Abtox was located less than 40 miles from the meeting's downtown venue. However, it's unlikely that anybody from the company was there to hear Blumberg review the Supreme Court rulings on the 1975 Park decision and the 1943 Dotterweich decision. Both cases dealt with strict liability. They established that persons in a position of authority in a company regulated by FDA must accept this strict liability. Those persons can also be held accountable if they fail to correct violation of the Federal Food, Drug, and Cosmetic Act or fail to ensure that violations do not occur in the first place.

Assistant U.S. Attorney Michael Gurland said the prison sentences would send notice through the device industry that lying to FDA or violating its regulations will not be tolerated. This statement adds weight to Blumberg's predictions made in 2003.

Wallach Surgical Warned by FDA

A June inspection at the Wallach Surgical Devices manufacturing facility in Orange, CT, found CGMP violations for the company's Endocell endometrial cell sampler, Inseminator catheter, and LL100 cryosurgical system. A recent warning letter from FDA's New England district office listed multiple violations (see sidebar on this page).

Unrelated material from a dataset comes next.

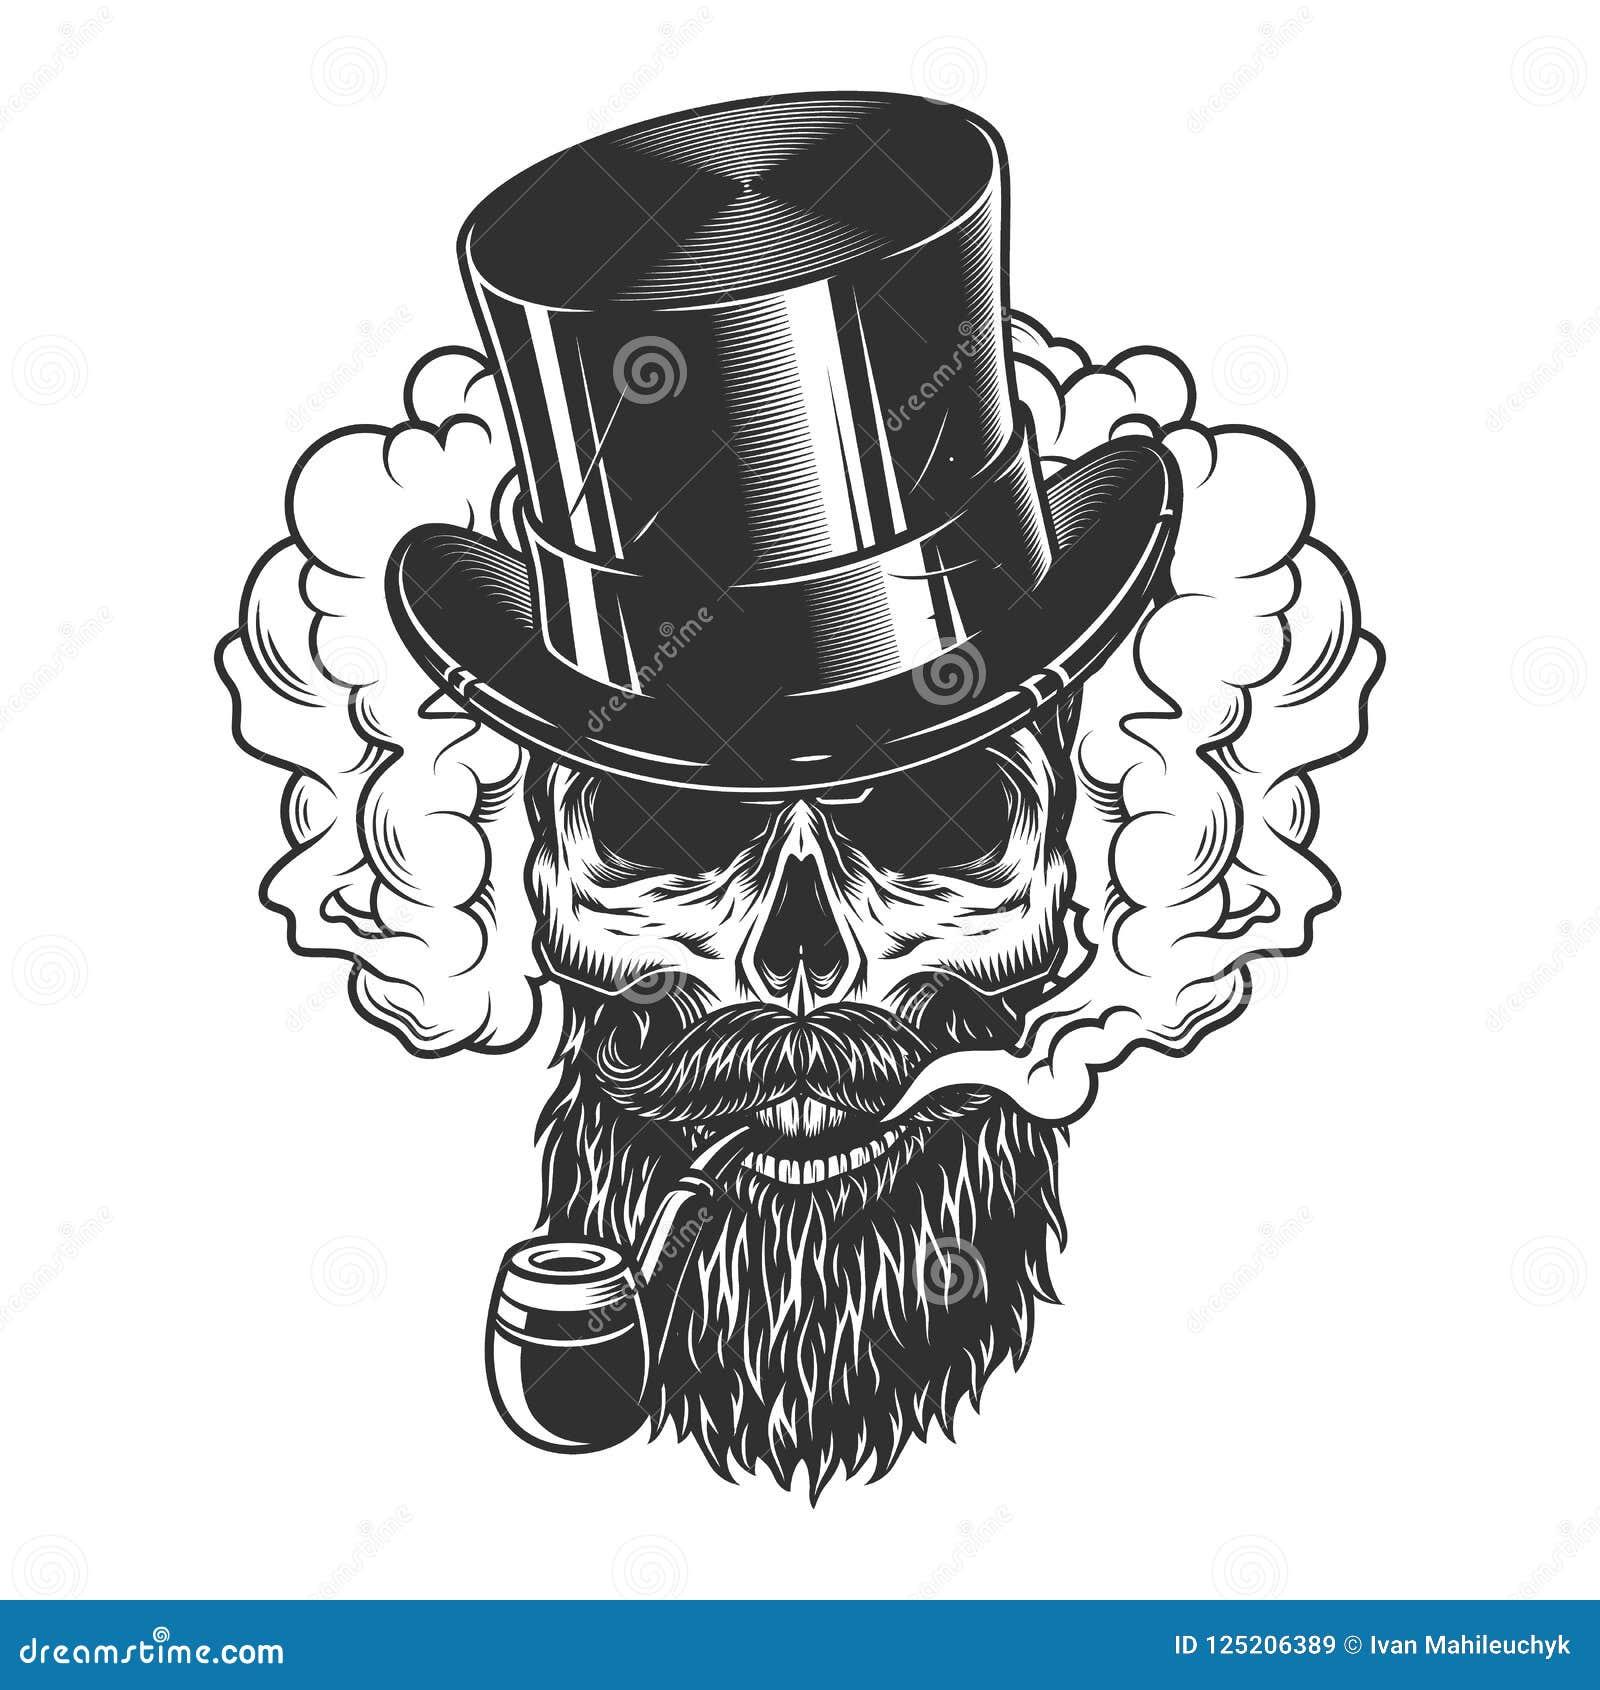 Vintage Soldier Skull In Smoke Cloud

FDA district director Gail Costello said a written response from the company made general commitments to certain FDA-483 inspection items. However, it failed to address specific systemwide corrective actions necessary to bring the company into compliance. She said the response also did not document corrections made.

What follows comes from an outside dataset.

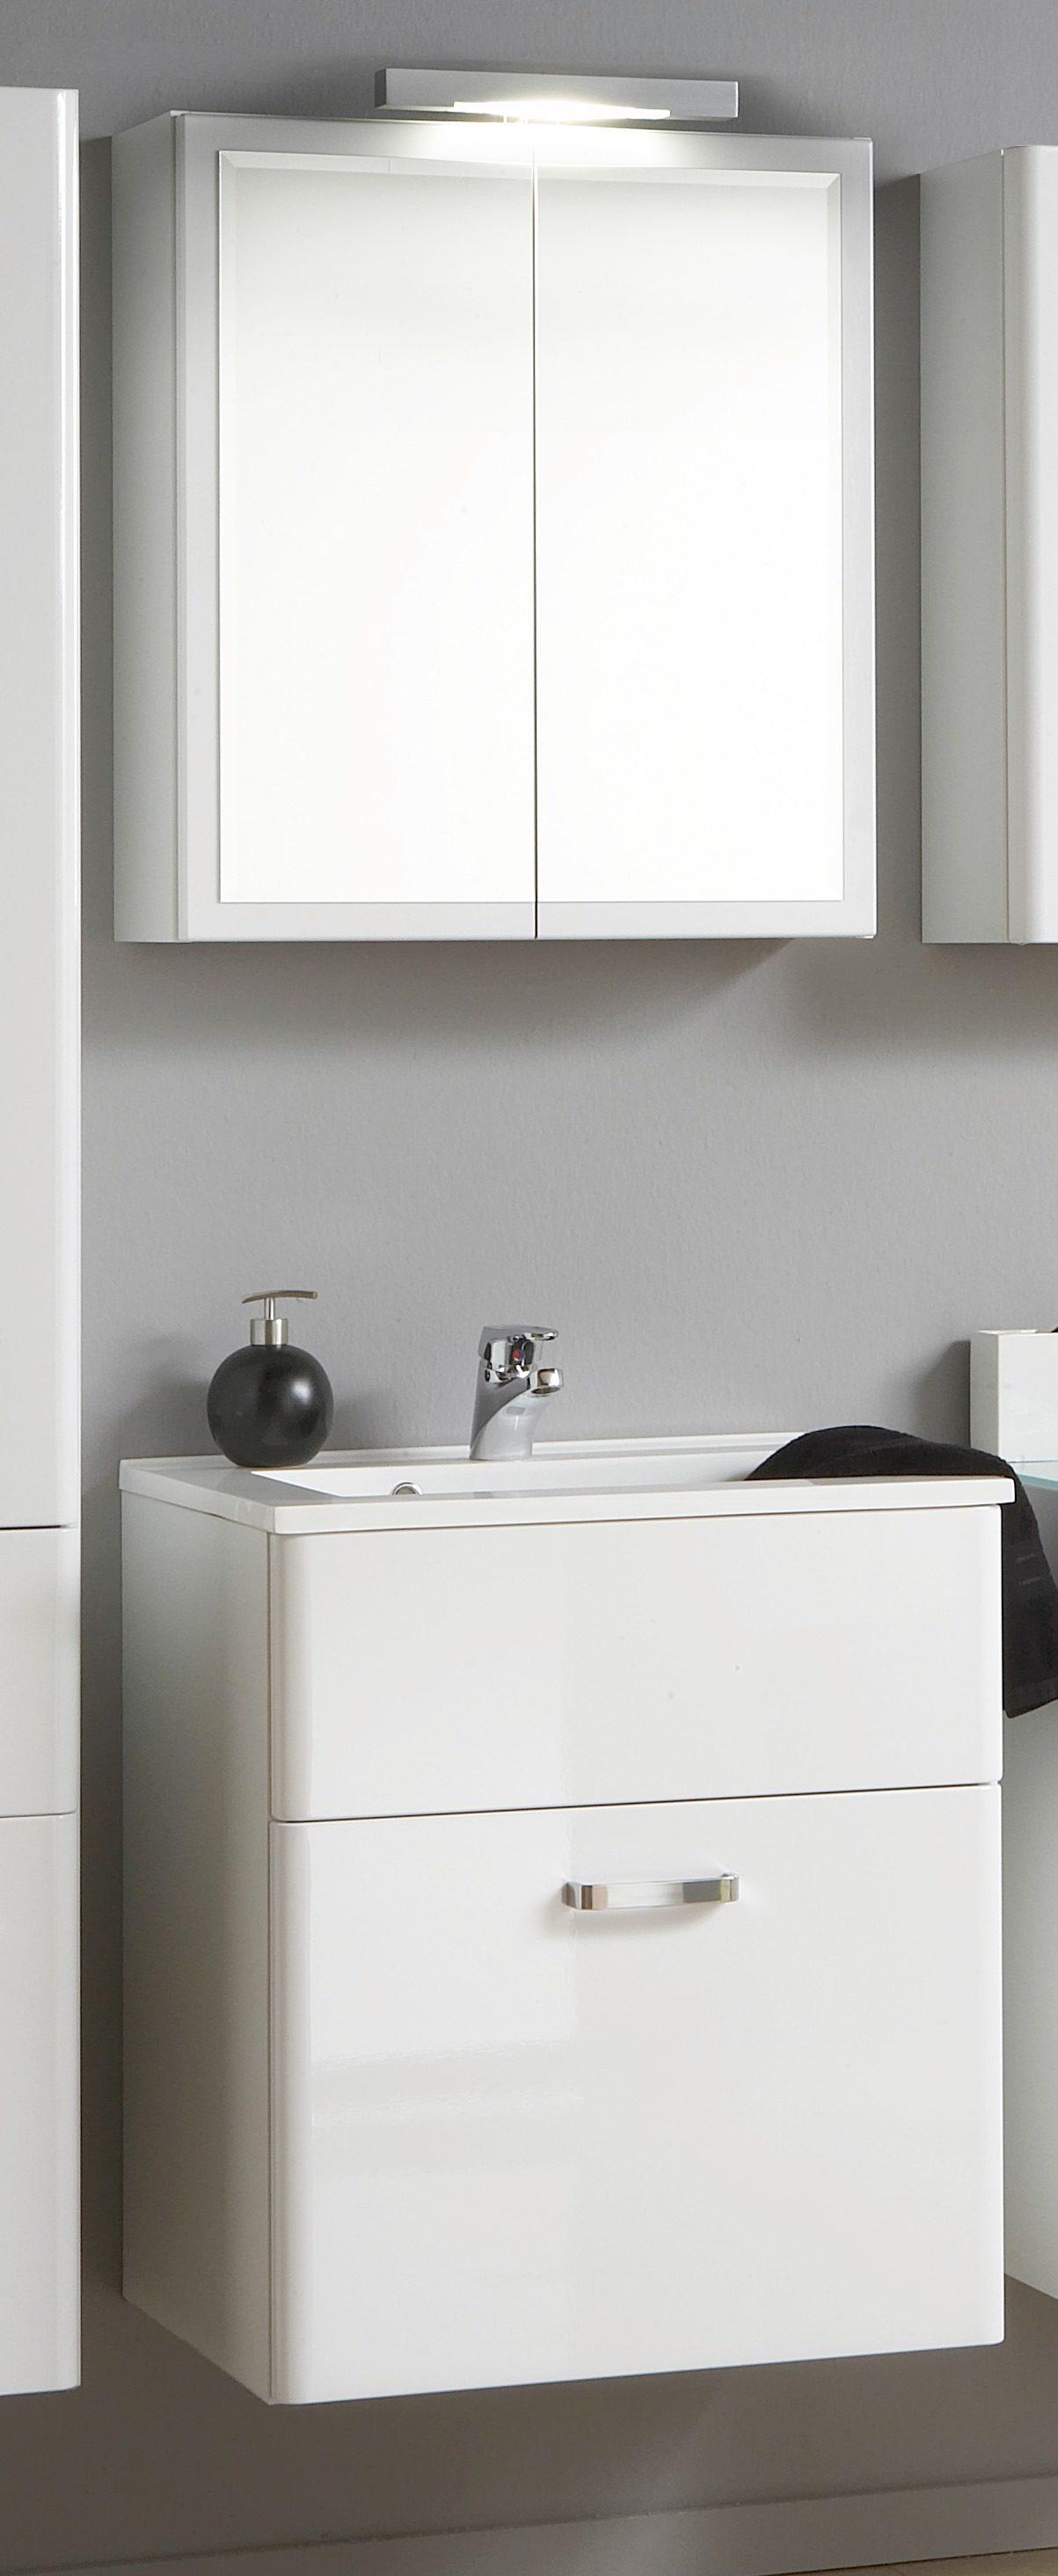 möbel hugelmann lahr | räume | badezimmer | alles für das bad

Wallach Surgical was told to respond within 15 working days with a list of additional steps taken to correct the problems. The agency also expects an explanation of how the firm would prevent the violations from happening again.

U.S. Marshals Seize Alaris Infusion Pumps

At FDA's request, U.S. marshals in San Diego seized $1.8 million worth of Cardinal Health's Alaris Signature Edition Gold infusion pumps (Models 7130, 7131, 7230, and 7231) in August. A design defect called key bounce prompted the action. Key bounce may cause drug overinfusion. “This seizure was intended to ensure that infusion pumps located at Alaris's manufacturing facility are not distributed unless the problem is corrected,” an FDA release said. Agency inspections found that Alaris failed to follow the quality system regulation.

A key bounce occurs when the pump registers a command twice, although the operator has only pressed the command key once. “If a key bounce occurs and is not detected during programming verification, it may result in an infusion rate at least 10 times the intended infusion rate,” FDA said.

Warning letters were issued to Alaris in August 1998 and again 14 months later. The company was also “given opportunities to correct the violations, but failed to take appropriate actions,” FDA said. A company product recall letter in August provided users with ways to minimize key entry errors until the problem could be corrected.

In a statement issued after the seizure, Cardinal Health said it had suspended the pump's production, sales, repairs, and installations. It estimated that about 1300 pumps were seized. It said manufacturing and distribution would resume pending resolution of the issue with FDA.